RNAprofiling 2.0: Enhanced cluster analysis of structural ensembles

The method of sampling RNA secondary structures from the Boltzmann distribution [1], [2] under the nearest neighbor thermodynamic model (NNTM) [3] provides critical base pairing alternatives to the minimum free energy (MFE) configuration. Such information can be essential to understanding how RNA sequences fold — and the functionality of these important molecules. Yet, the power of ensemble analysis can only be realized by identifying the underlying patterns in a sufficiently large set of suboptimal structures.

RNAprofiling, or just profiling for short, refers to the overall cluster analysis method that organizes and analyzes a collection of secondary structures according to a set of features. It was developed [4] to identify the dominant combinations of base pairing signals in the Boltzmann ensemble. RNAprofiling 1.0 (denoted here Pv1) consistently achieves high sample compression together with low information loss on “small” sequences, on the order of 100 nucleotides (nt). We present here an updated version, RNAprofiling 2.0 (denoted Pv2), which can mine a stable, informative structural signal from Boltzmann samples of much longer sequences.

In contrast to other cluster analysis methods like Sfold [5] and RNAshapes [6], Pv2 does not generate the sample to be analyzed. Rather, it is available to leverage the ensemble analysis power of state-of-the-art software packages like RNAstructure [7] and ViennaRNA [8]. Hence, we demonstrate here that Pv2 will reliably report the high probability base pairing combinations for sequences up to 600 nt.
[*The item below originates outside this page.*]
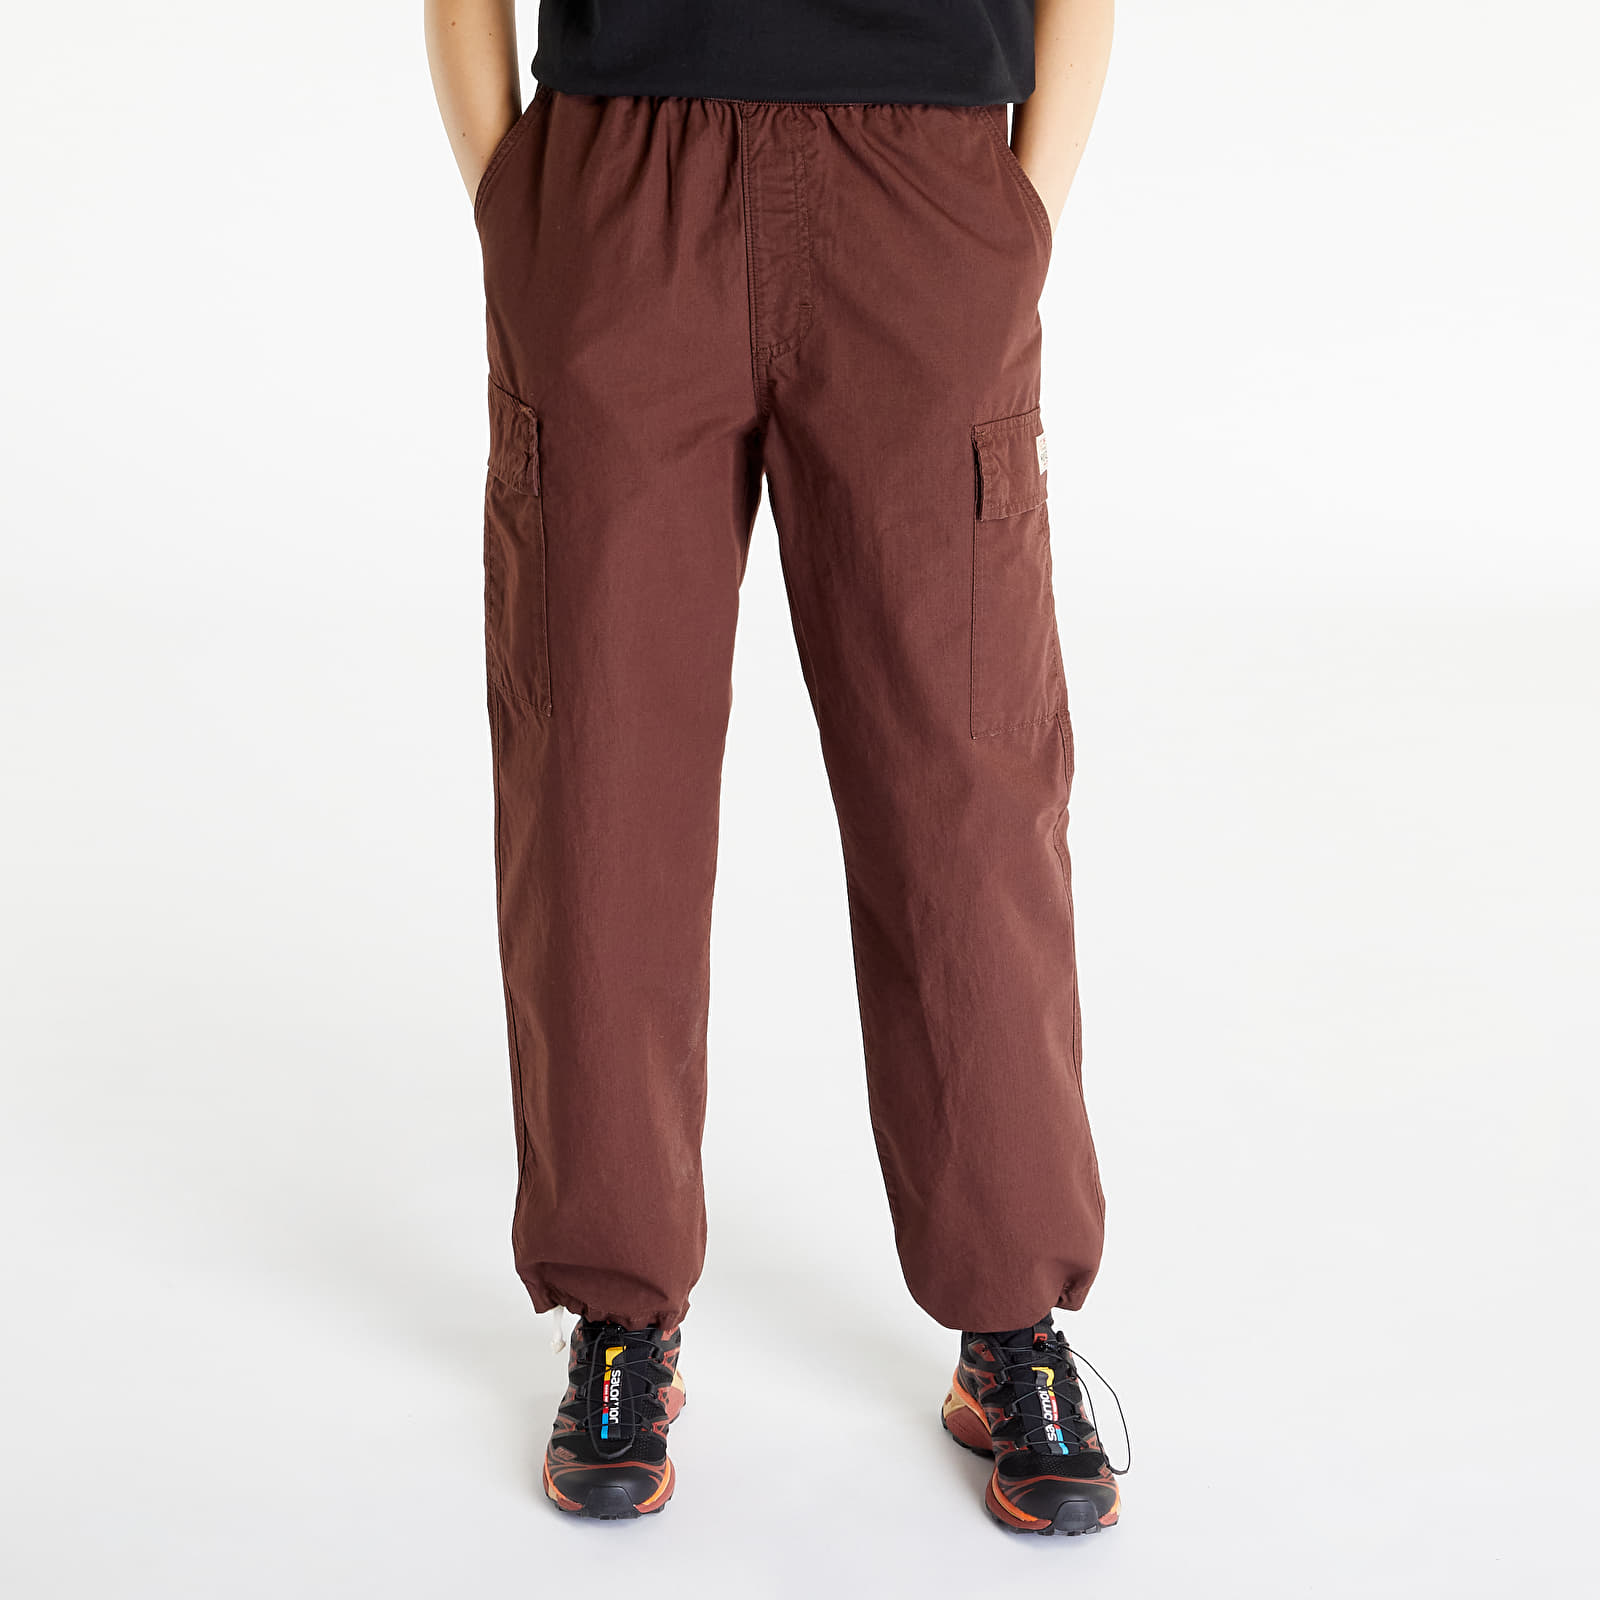 Pants and jeans Stüssy Ripstop Cargo Beach Pant UNISEX Brown

We note that the signal from the Boltzmann ensemble at the substructural unit level, i.e. the features being considered, remains strong well-beyond 1000 nt. However, the probability of different combinations of these units, i.e. their profiles, decays with sequence length. Like prediction accuracy, this is a reflection of the NNTM itself, and the sampling method employed. Given a particular Boltzmann sample as input, Pv2 outputs high quality information in a useful quantity for further hypothesis generation.

As described, the content of that information is determined directly from the input sample. When introduced [4], it was established that RNAprofiling provides complementary information to both Sfold and RNAshapes. Moreover, a thorough analysis [9] compared the three, where Pv1 analyzed Boltzmann samples generated by GTfold [10]. It was found that all three improved over the MFE, but there was no clear advantage among cluster analysis methods in terms of base pair prediction accuracy.

In terms of efficiency, for a sequence of length ∼600 nt, Pv2 analyzes a Boltzmann sample of 10,000 structures in about 20 seconds, with the sample generation taking about 5 sec. Shorter sequences and/or smaller samples take correspondingly less time to analyze, e.g. about 2 sec to analyze a sequence ∼200 nt and sample of 1000 structures. In contrast [9], Sfold takes about 25 seconds (sampling + analysis) at this 200 length/1K size scale, as does RNAshapes.

Regardless of which cluster analysis method is used, there are two key points for experimentalists [9]. First, as well-known to the ribonomics community, prediction quality improves if more than one conformation is considered. Second, the quality is substantially enhanced if the conformations are initially considered at lower granularity/higher abstraction. This supports a multilayered approach to RNA secondary structure determination where an early computational step identifies critical structural differences “to be vetted by further computational analysis, experimental testing, and/or biological insight.”

The new version of RNAprofiling presented here significantly enhances the method’s ability to do just that. The new code is freely available at github.com/gtDMMB/RNAprofilingV2 under a GPLv2 license and can be run online through the rnaprofiling.gatech.edu website.